═════ DATA SEGMENT ═════

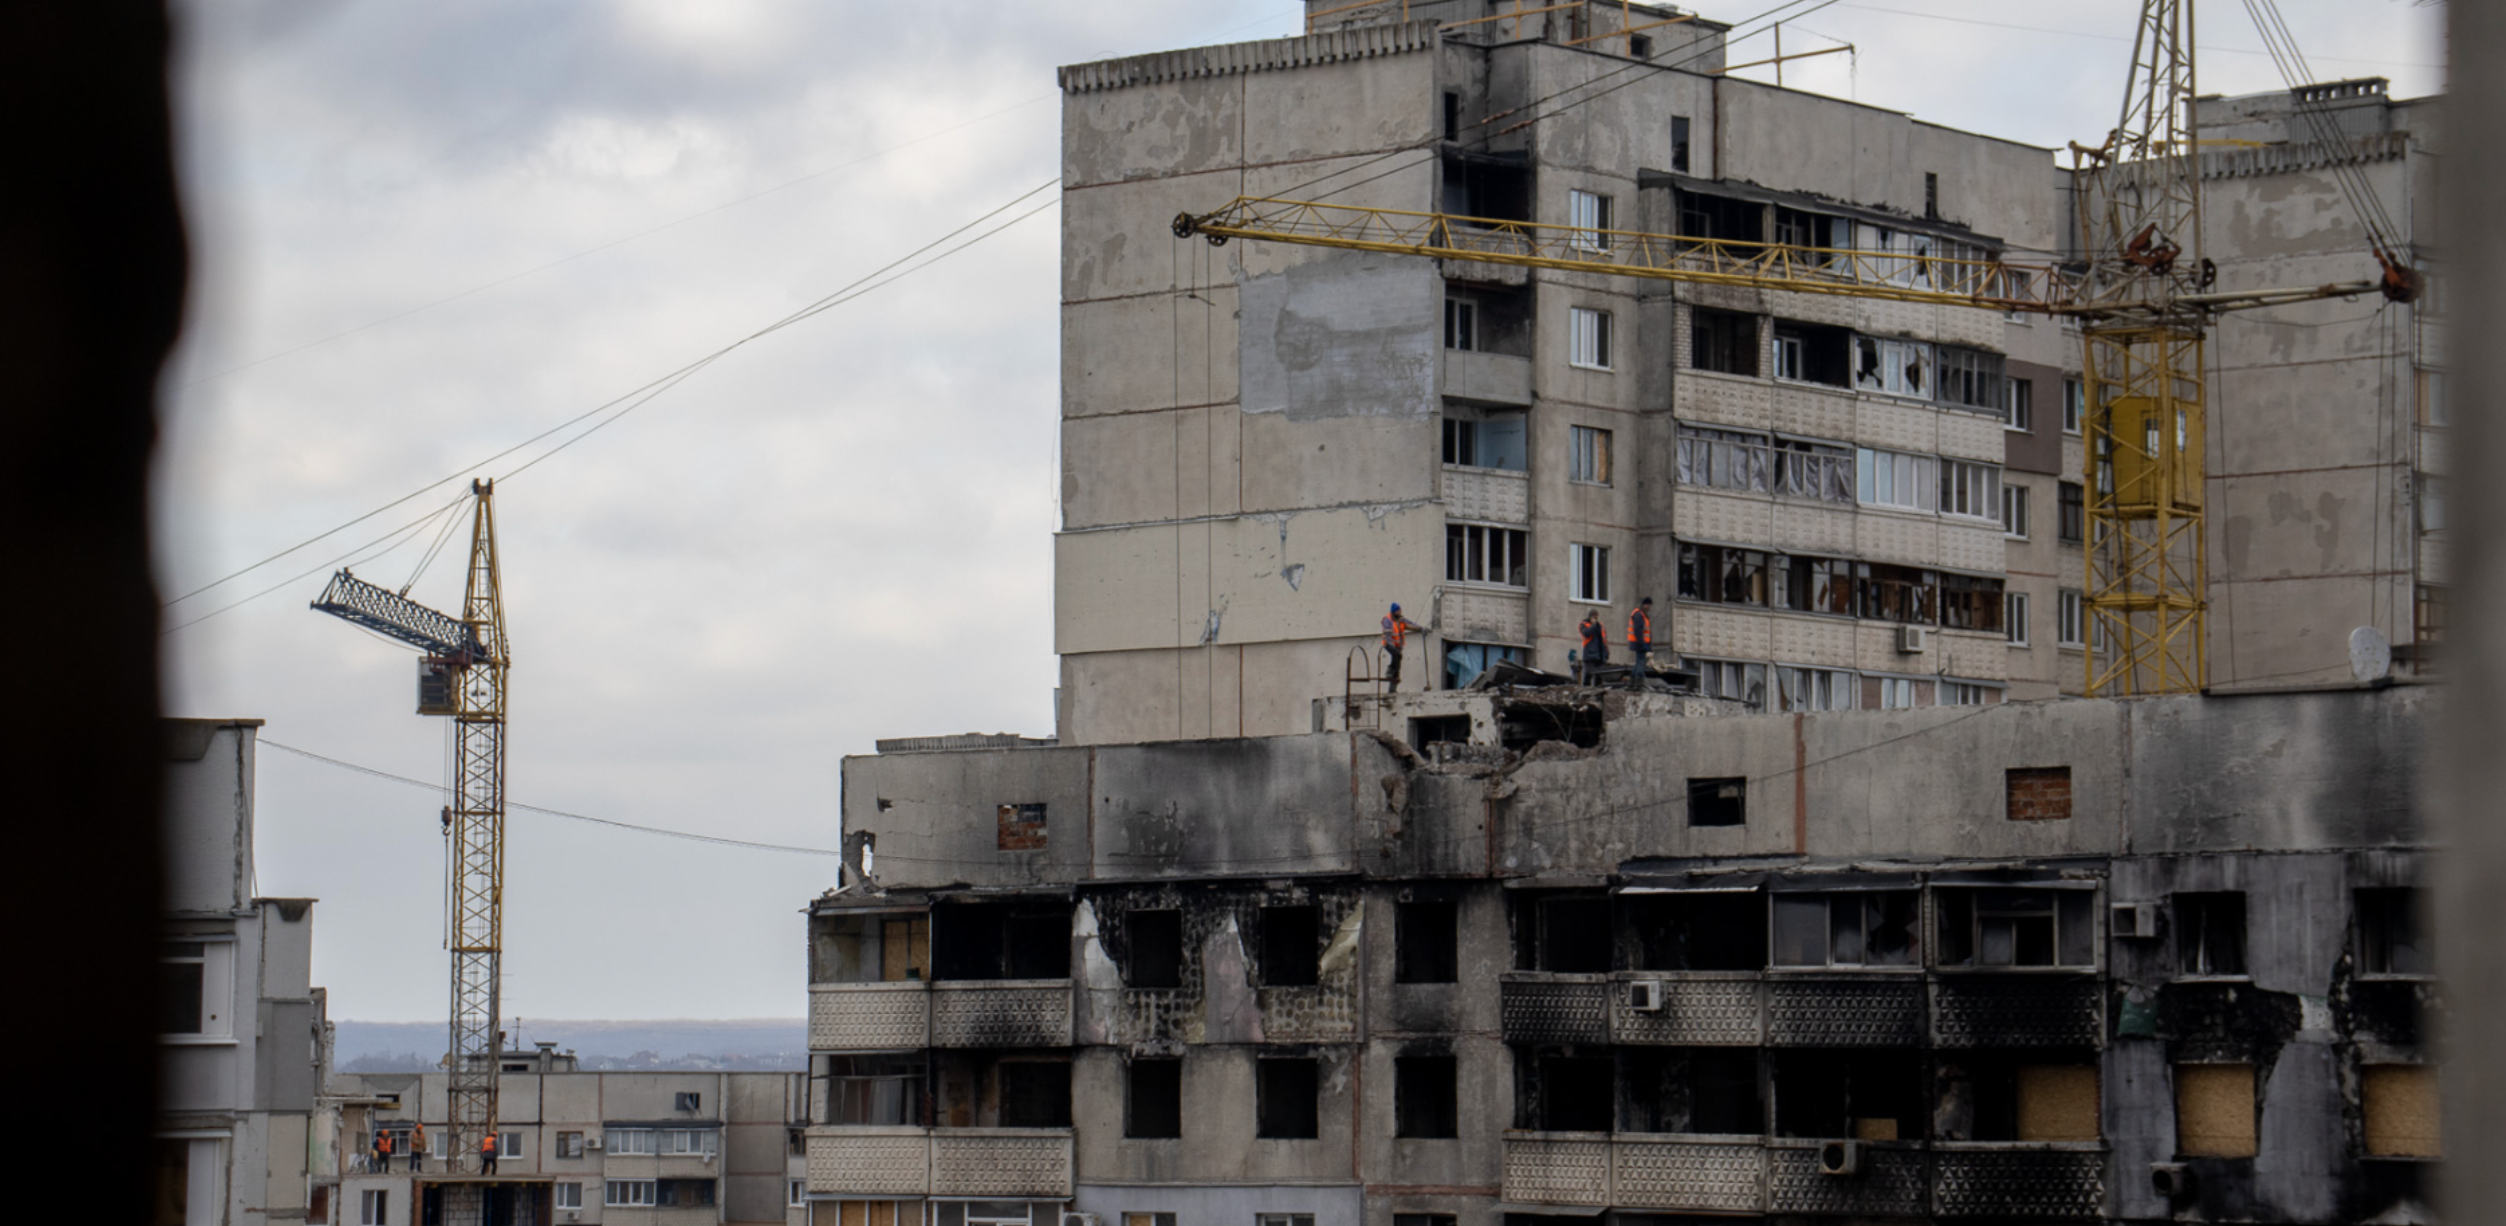 Reconstruction and restoration of the Northern Saltivka neighborhood's apartment buildings that were destroyed or damaged by Russian aggression are ongoing / Photo: Oleksandr Magula for Gwara Media
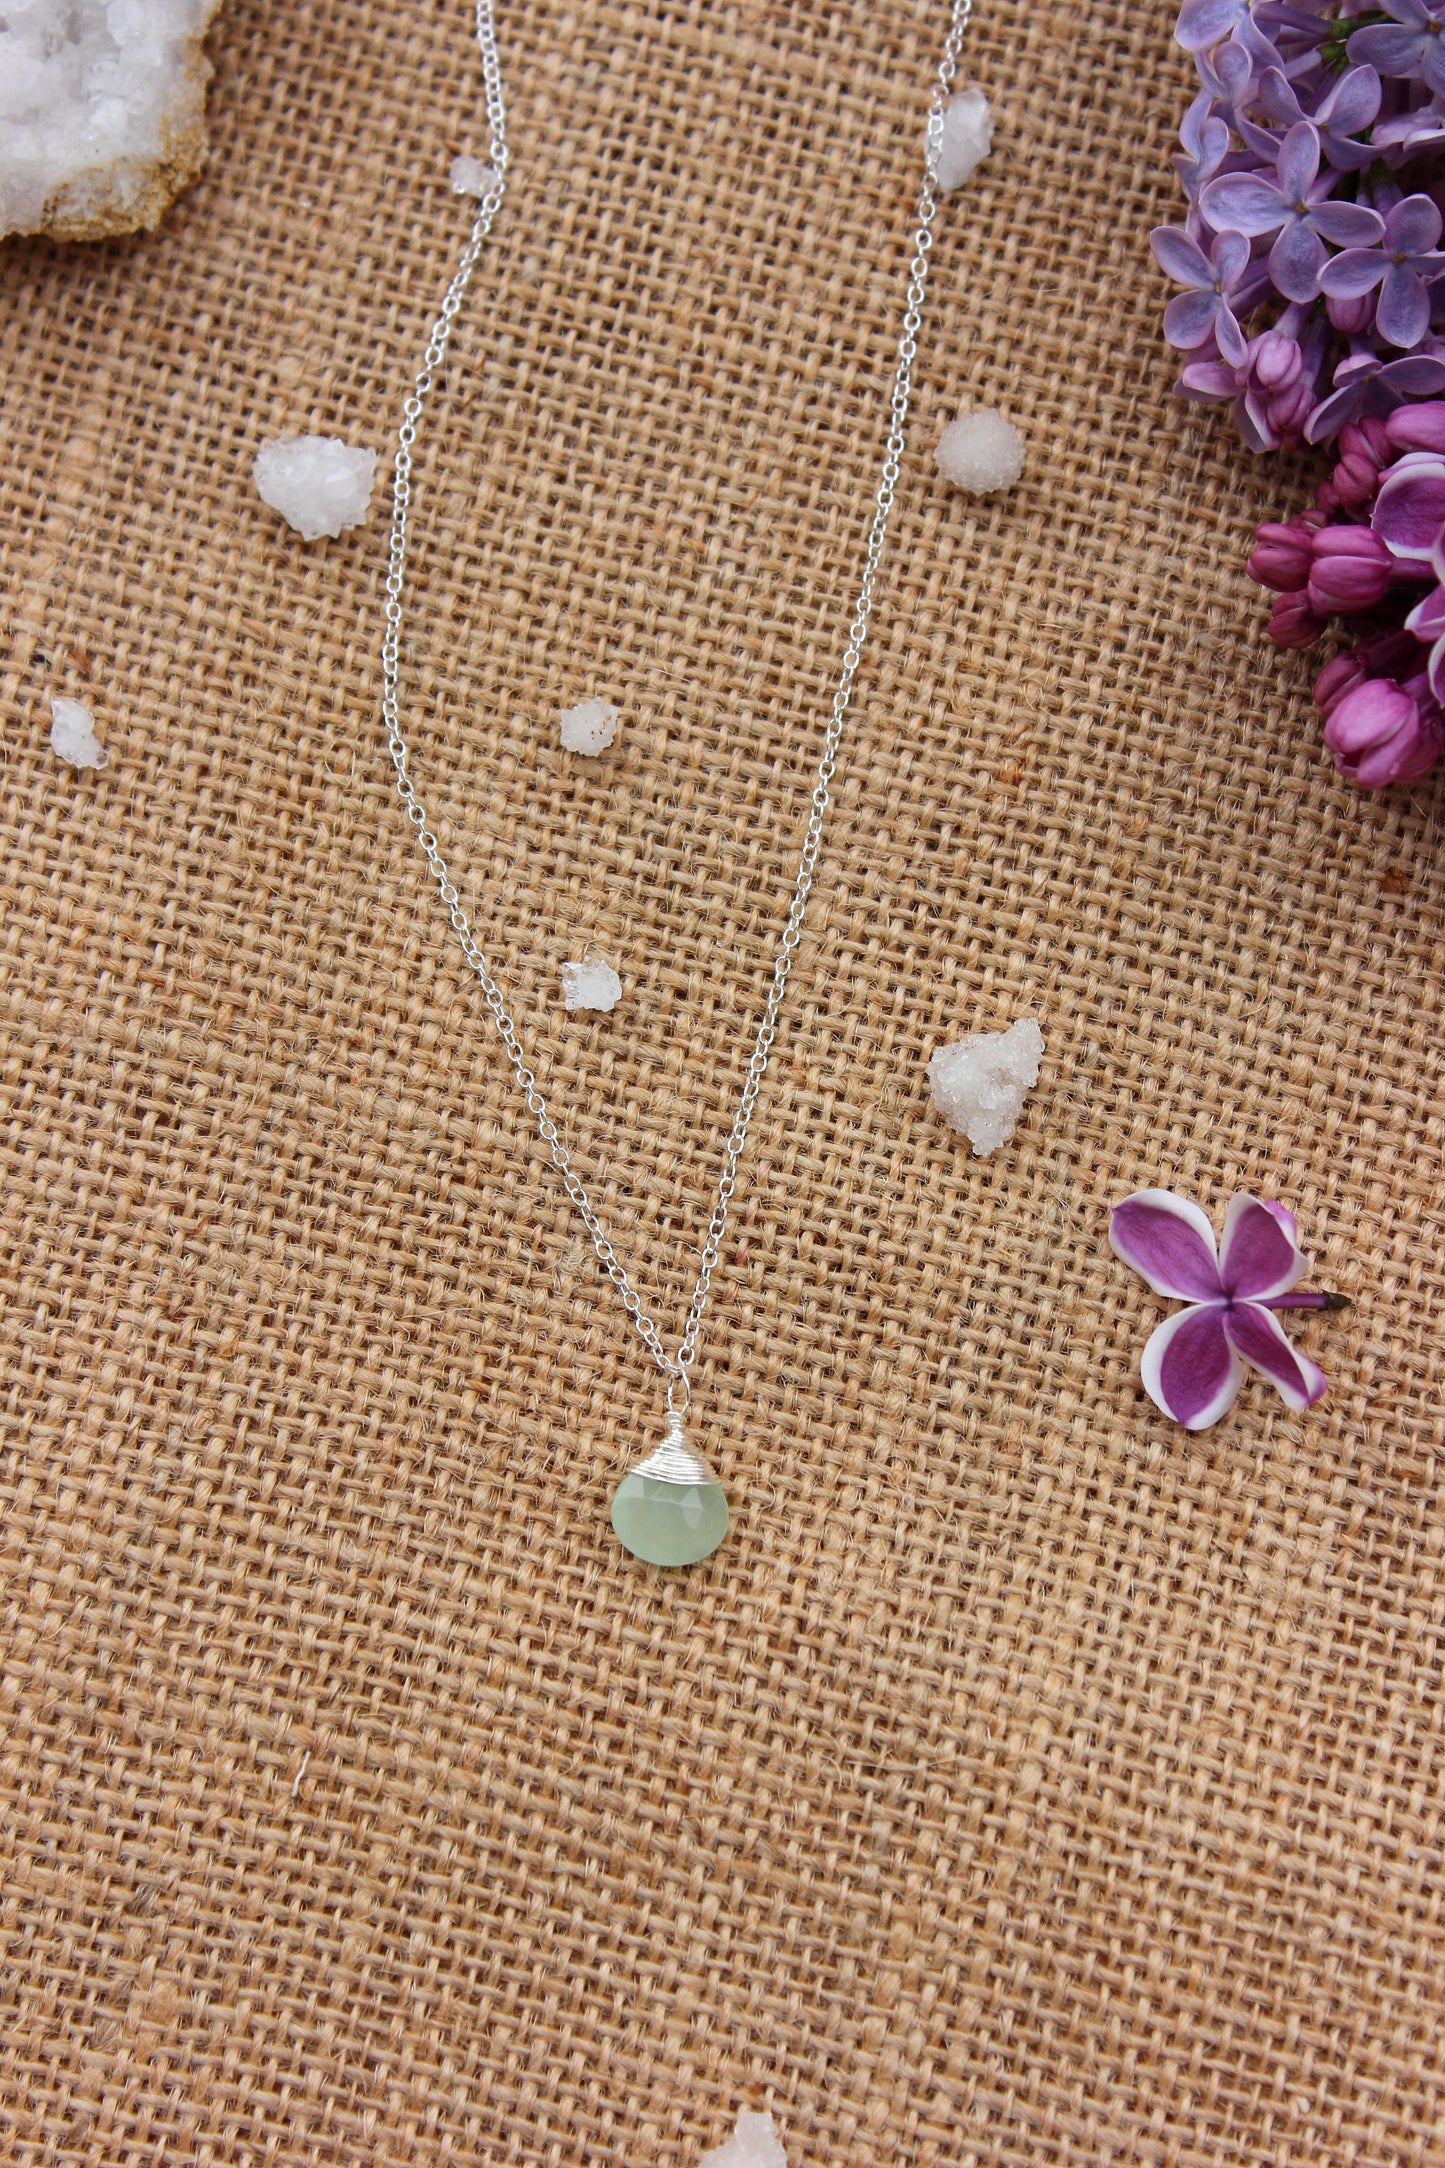 Green Chalcedony Briolette Necklace
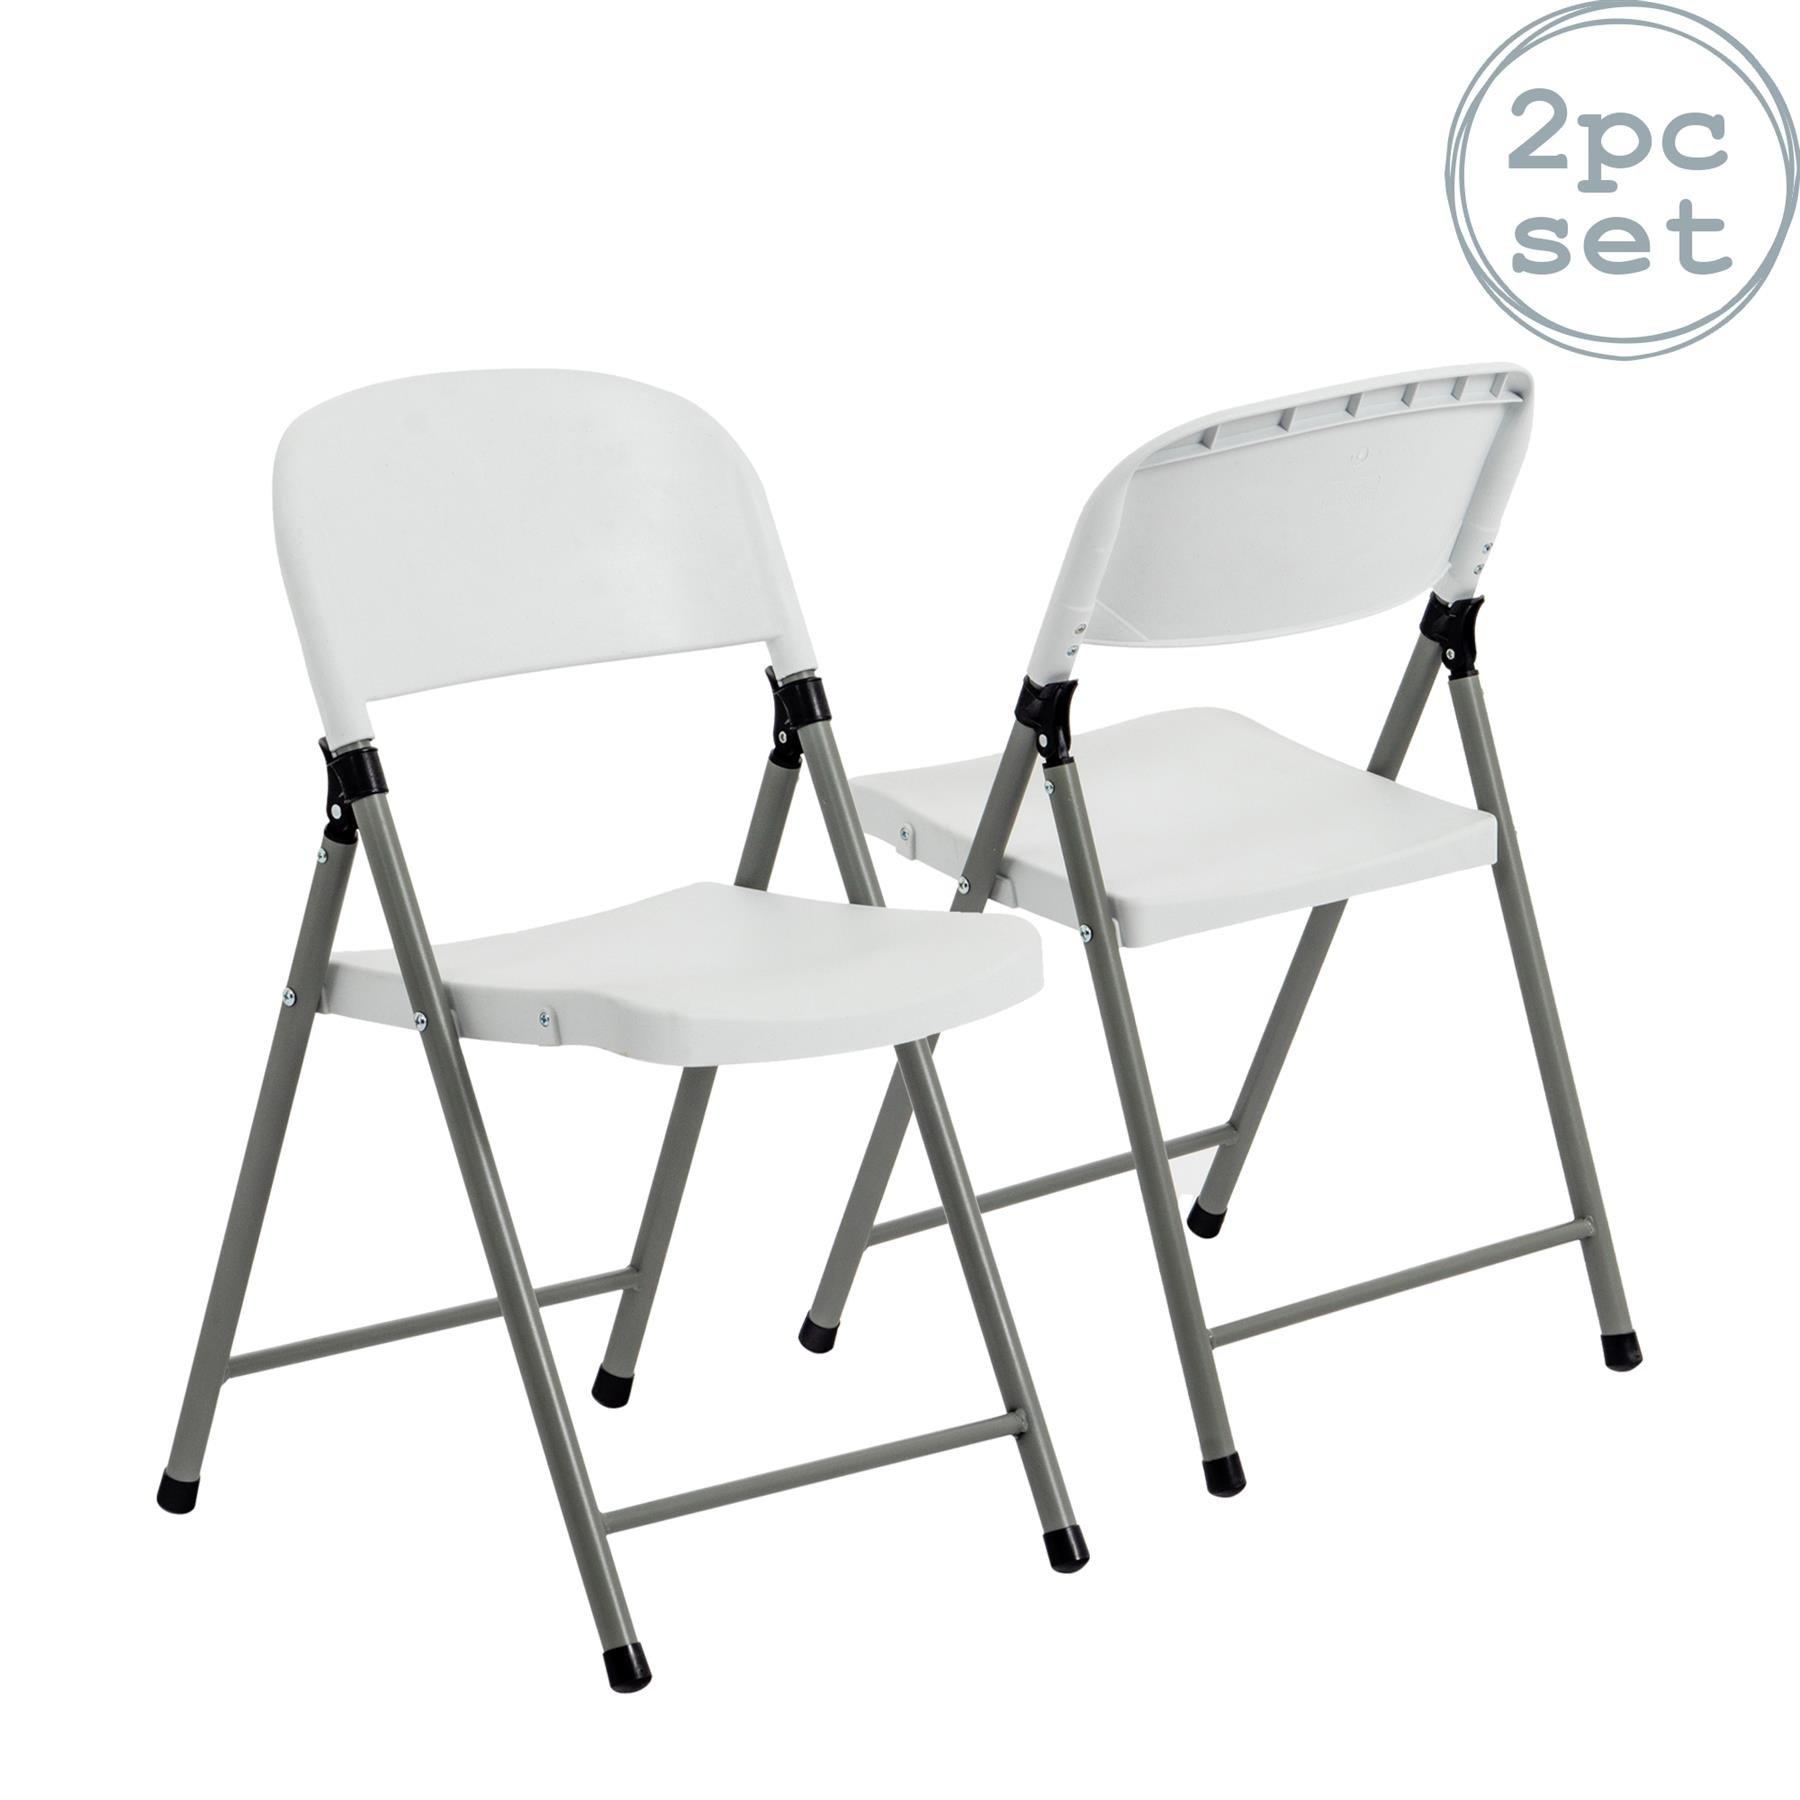 Folding Trestle Chairs White Pack of 2

═════

§ PROBLEM STATEMENT:
Leave the images out and transcribe the rest of the material exactly.

§ FINISHED TASK:
 Reconstruction and restoration of the Northern Saltivka neighborhood's apartment buildings that were destroyed or damaged by Russian aggression are ongoing / Photo: Oleksandr Magula for Gwara Media
 Green Chalcedony Briolette Necklace
 Folding Trestle Chairs White Pack of 2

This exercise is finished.